═══ DATA FOR THE TASK ═══

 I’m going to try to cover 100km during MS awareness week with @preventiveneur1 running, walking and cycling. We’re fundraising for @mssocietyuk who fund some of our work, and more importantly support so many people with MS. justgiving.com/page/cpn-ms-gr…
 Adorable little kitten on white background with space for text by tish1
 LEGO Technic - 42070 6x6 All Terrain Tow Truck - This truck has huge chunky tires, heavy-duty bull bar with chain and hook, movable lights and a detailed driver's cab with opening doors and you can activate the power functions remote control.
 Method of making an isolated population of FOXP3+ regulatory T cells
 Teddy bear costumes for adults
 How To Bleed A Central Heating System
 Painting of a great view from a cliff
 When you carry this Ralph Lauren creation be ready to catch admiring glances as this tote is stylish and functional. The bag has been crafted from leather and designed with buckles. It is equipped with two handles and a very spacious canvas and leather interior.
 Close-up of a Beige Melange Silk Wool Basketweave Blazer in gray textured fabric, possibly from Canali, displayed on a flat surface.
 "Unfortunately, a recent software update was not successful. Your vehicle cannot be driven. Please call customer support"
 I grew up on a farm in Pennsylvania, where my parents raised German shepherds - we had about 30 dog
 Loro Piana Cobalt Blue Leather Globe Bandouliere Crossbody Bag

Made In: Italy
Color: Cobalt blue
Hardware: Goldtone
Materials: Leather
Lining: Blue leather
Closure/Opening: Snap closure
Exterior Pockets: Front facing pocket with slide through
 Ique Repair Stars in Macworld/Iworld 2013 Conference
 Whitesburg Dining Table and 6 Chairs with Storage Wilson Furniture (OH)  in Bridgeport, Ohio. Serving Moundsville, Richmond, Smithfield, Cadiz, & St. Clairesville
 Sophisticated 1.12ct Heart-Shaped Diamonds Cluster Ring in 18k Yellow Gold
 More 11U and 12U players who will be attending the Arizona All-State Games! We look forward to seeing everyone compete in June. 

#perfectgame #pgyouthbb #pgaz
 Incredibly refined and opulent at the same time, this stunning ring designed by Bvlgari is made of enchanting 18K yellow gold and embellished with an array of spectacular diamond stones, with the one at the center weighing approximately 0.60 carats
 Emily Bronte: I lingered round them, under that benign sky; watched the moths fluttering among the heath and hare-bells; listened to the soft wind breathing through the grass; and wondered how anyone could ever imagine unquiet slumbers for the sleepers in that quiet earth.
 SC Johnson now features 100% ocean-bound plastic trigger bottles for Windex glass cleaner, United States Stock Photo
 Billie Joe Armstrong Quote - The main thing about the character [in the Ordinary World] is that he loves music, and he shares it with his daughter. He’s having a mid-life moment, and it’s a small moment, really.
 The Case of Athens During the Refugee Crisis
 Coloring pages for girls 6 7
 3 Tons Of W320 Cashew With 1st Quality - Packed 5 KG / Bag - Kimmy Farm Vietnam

═══

DIRECTIONS
With every line intact, print the records above again.

WRITTEN RESPONSE
 I’m going to try to cover 100km during MS awareness week with @preventiveneur1 running, walking and cycling. We’re fundraising for @mssocietyuk who fund some of our work, and more importantly support so many people with MS. justgiving.com/page/cpn-ms-gr…
 Adorable little kitten on white background with space for text by tish1
 LEGO Technic - 42070 6x6 All Terrain Tow Truck - This truck has huge chunky tires, heavy-duty bull bar with chain and hook, movable lights and a detailed driver's cab with opening doors and you can activate the power functions remote control.
 Method of making an isolated population of FOXP3+ regulatory T cells
 Teddy bear costumes for adults
 How To Bleed A Central Heating System
 Painting of a great view from a cliff
 When you carry this Ralph Lauren creation be ready to catch admiring glances as this tote is stylish and functional. The bag has been crafted from leather and designed with buckles. It is equipped with two handles and a very spacious canvas and leather interior.
 Close-up of a Beige Melange Silk Wool Basketweave Blazer in gray textured fabric, possibly from Canali, displayed on a flat surface.
 "Unfortunately, a recent software update was not successful. Your vehicle cannot be driven. Please call customer support"
 I grew up on a farm in Pennsylvania, where my parents raised German shepherds - we had about 30 dog
 Loro Piana Cobalt Blue Leather Globe Bandouliere Crossbody Bag

Made In: Italy
Color: Cobalt blue
Hardware: Goldtone
Materials: Leather
Lining: Blue leather
Closure/Opening: Snap closure
Exterior Pockets: Front facing pocket with slide through
 Ique Repair Stars in Macworld/Iworld 2013 Conference
 Whitesburg Dining Table and 6 Chairs with Storage Wilson Furniture (OH)  in Bridgeport, Ohio. Serving Moundsville, Richmond, Smithfield, Cadiz, & St. Clairesville
 Sophisticated 1.12ct Heart-Shaped Diamonds Cluster Ring in 18k Yellow Gold
 More 11U and 12U players who will be attending the Arizona All-State Games! We look forward to seeing everyone compete in June. 

#perfectgame #pgyouthbb #pgaz
 Incredibly refined and opulent at the same time, this stunning ring designed by Bvlgari is made of enchanting 18K yellow gold and embellished with an array of spectacular diamond stones, with the one at the center weighing approximately 0.60 carats
 Emily Bronte: I lingered round them, under that benign sky; watched the moths fluttering among the heath and hare-bells; listened to the soft wind breathing through the grass; and wondered how anyone could ever imagine unquiet slumbers for the sleepers in that quiet earth.
 SC Johnson now features 100% ocean-bound plastic trigger bottles for Windex glass cleaner, United States Stock Photo
 Billie Joe Armstrong Quote - The main thing about the character [in the Ordinary World] is that he loves music, and he shares it with his daughter. He’s having a mid-life moment, and it’s a small moment, really.
 The Case of Athens During the Refugee Crisis
 Coloring pages for girls 6 7
 3 Tons Of W320 Cashew With 1st Quality - Packed 5 KG / Bag - Kimmy Farm Vietnam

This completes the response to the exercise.